Strange (wrong?) interpolator behavior

Hi all,

I was trying various interpolators to use applying a transformation I got from a simple euclid 2d registration. The image I’m applying it to is a CT image, and I’m using a 64bit float image type.

When I resample the image with my transformation, for at least a couple of the interpolators other than linear (Bspline and CoswindowSinc at least), the min and max of the pixel values after re-sampling is less than/greater than what it was prior to.

So the interpolation is resulting in pixel values outside the min/max bounds of the previous image pixels.

IMHO this seems like it shouldn’t be doing that - interpolating a new pixel value shouldn’t give you a value that below/above any of the neighbouring pixels regardless of which algorithm it’s using. …you’re meant to be interpolating between values right???

Is this the correct behavior???

Here is a snippet of the code I’m using where it outputs this behavior, plus an output image from it where it clearly shows the min/max values of the resampled (translated) image have change a lot:

# want to translate the dicom scaled_pixel_array by the transform returned
# want the default pixel value to be take from the average in a corner of
# the array (to match the HU value of the background)

min_value = sitk.GetArrayViewFromImage(dcm_sitk).min()
max_value = sitk.GetArrayViewFromImage(dcm_sitk).max()
print('min/max pre transform', min_value, max_value)
plt.imshow(sitk.GetArrayViewFromImage(dcm_sitk))
plt.show()

# get background values from a corner average
background = np.average(sitk.GetArrayViewFromImage(dcm_sitk)[0:10,0:10])
print('background:', background)

dcm_sitk = sitk.Resample(dcm_sitk, dcm_sitk, transform,
        sitk.sitkBSpline, background)
        #sitk.sitkLinear, background)
        #sitk.sitkCosineWindowedSinc, background)

no_below = (sitk.GetArrayViewFromImage(dcm_sitk) < min_value).sum()
no_above = (sitk.GetArrayViewFromImage(dcm_sitk) > max_value).sum()

new_min_value = sitk.GetArrayViewFromImage(dcm_sitk).min()
new_max_value = sitk.GetArrayViewFromImage(dcm_sitk).max()
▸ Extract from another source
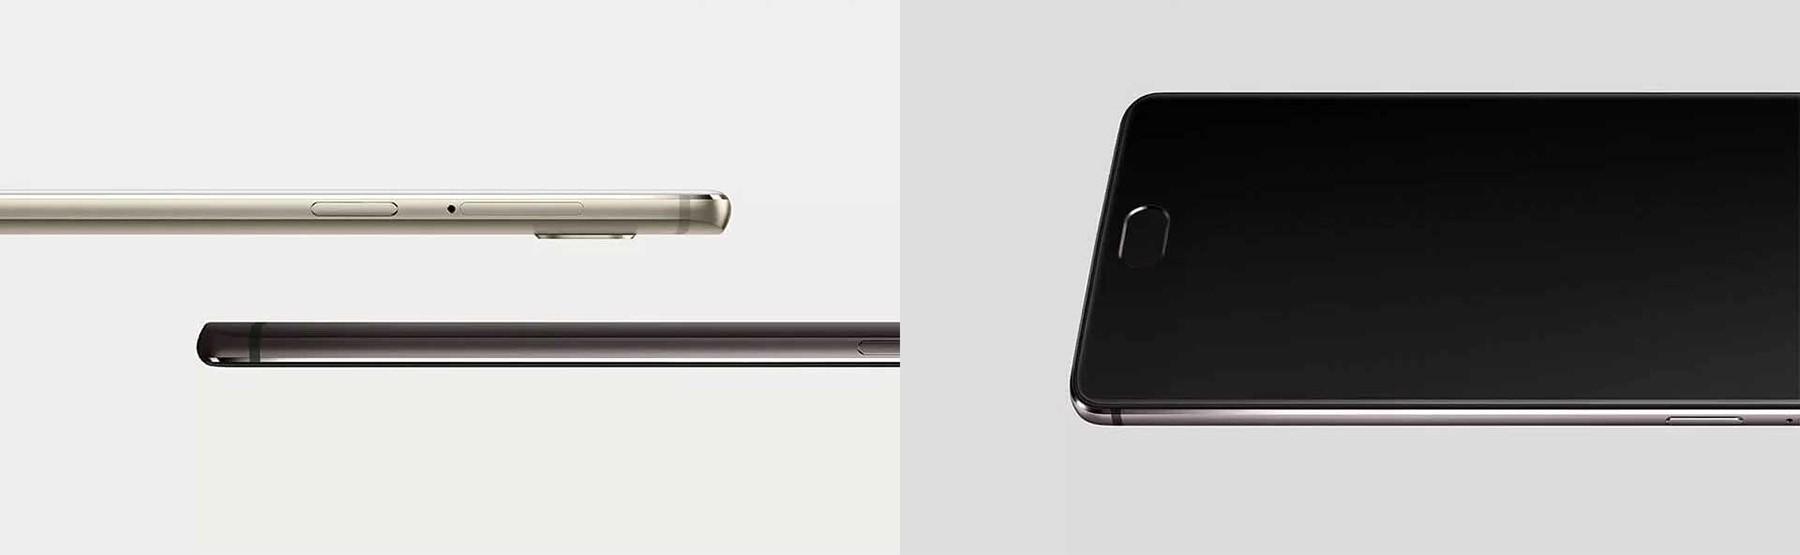 OnePlus 3T 外観
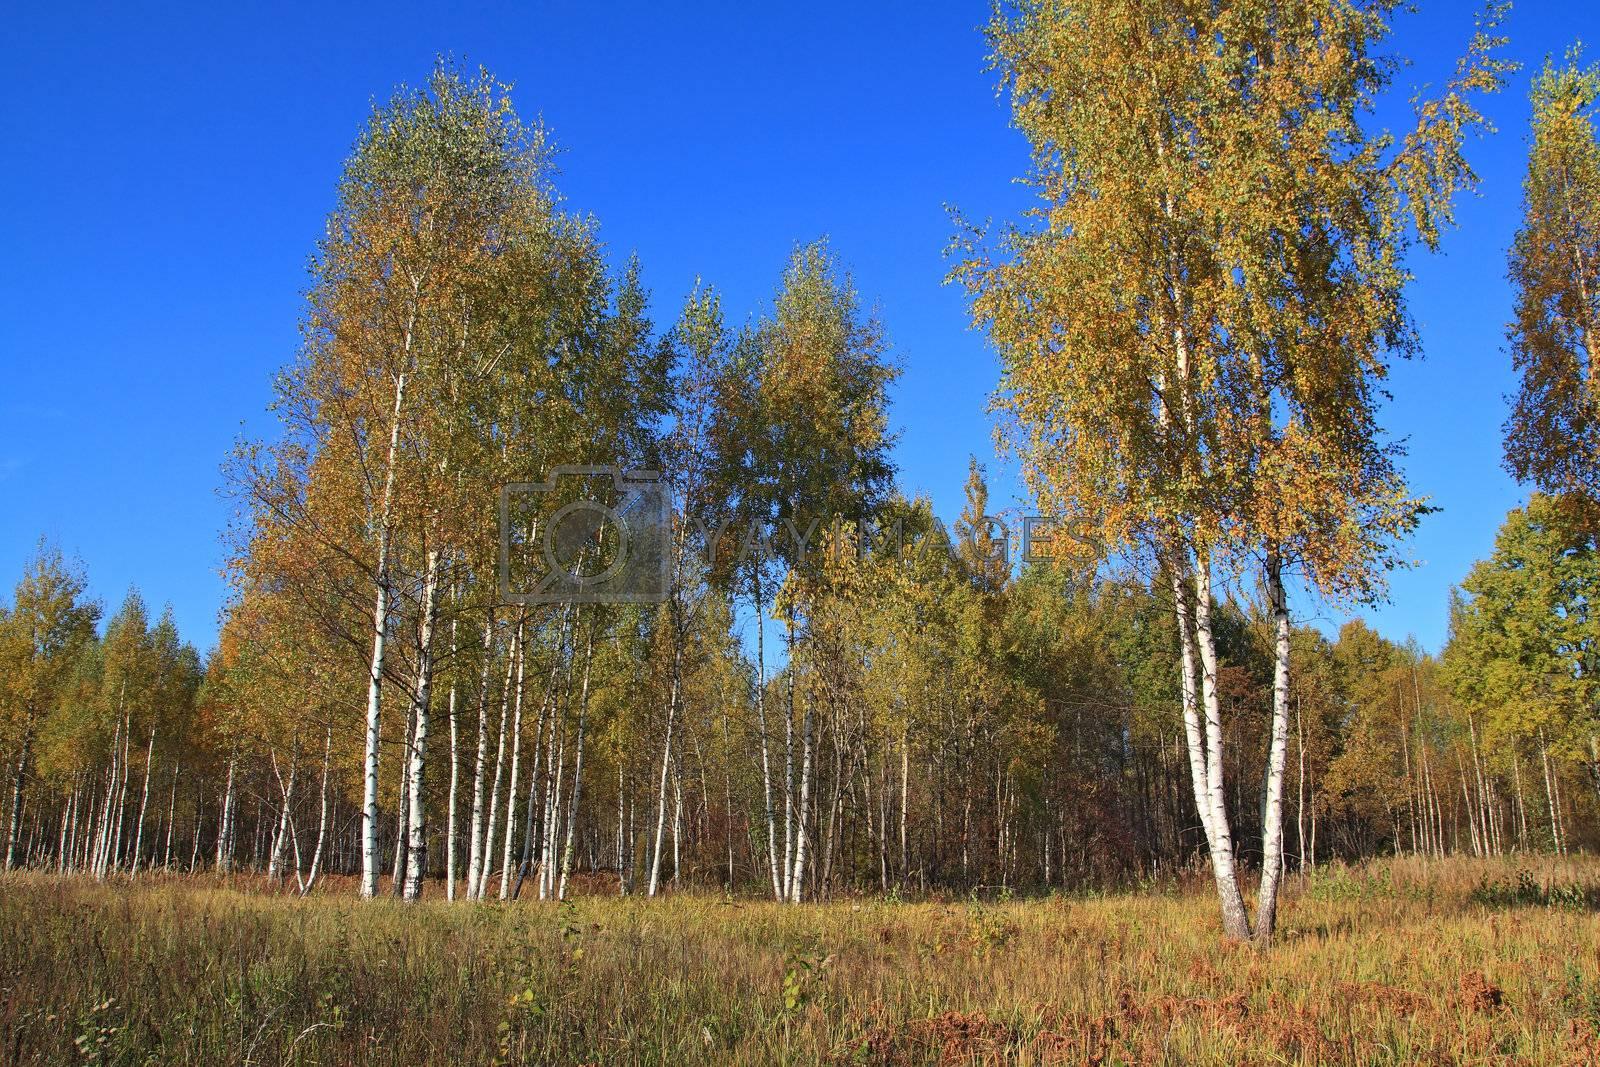 autumn birch wood on blue background

print('post transform', new_min_value, new_max_value)
print('number below min: ', no_below)
print('number above max: ', no_above)

plt.imshow(sitk.GetArrayViewFromImage(dcm_sitk))
plt.show()

below_img = (sitk.GetArrayViewFromImage(dcm_sitk) < min_value)
above_img = (sitk.GetArrayViewFromImage(dcm_sitk) > max_value)
plt.imshow(below_img)
plt.show()
plt.imshow(above_img)
plt.show()

Output:

min/max pre transform -3024.0 3071.0
background: -3024.0
post transform -3415.37375494161 3255.1812187911864
number below min:  18477
number above max:  9

Figure_41280×960 9.15 KB

Figure_31280×960 18.5 KB

Figure_21280×960 85 KB

Figure_11280×960 76.4 KB

Hi,

I think you are mixing the parameter space and the value space in your mind. Interpolating means finding the value of a data point which is between two other known in parameter space. But depending on the interpolation method you could find values out of the currently observed range. That often the case with spline. See some graphs examples on the matlab doc for spline interpolation.
Regarding your specific case, you interpolate from spatial position (parameter space) to intensity (value space), so your result doesn’t seem wrong to me

HTH

When you fit a spline to points, some parts of the spline can, and usually go above the highest point. Second graph from Tim’s link draws it very neatly. Resampled pixels will fall on different points of the spline, and frequently some will fall in the region of the spline which is higher than any of the original points.

This is how spline interpolation works. If you care about your minimum/maximum values, you could calculate them after the resampling. If you want to preserve the min-max range, you could use rescale filter or shift scale filter.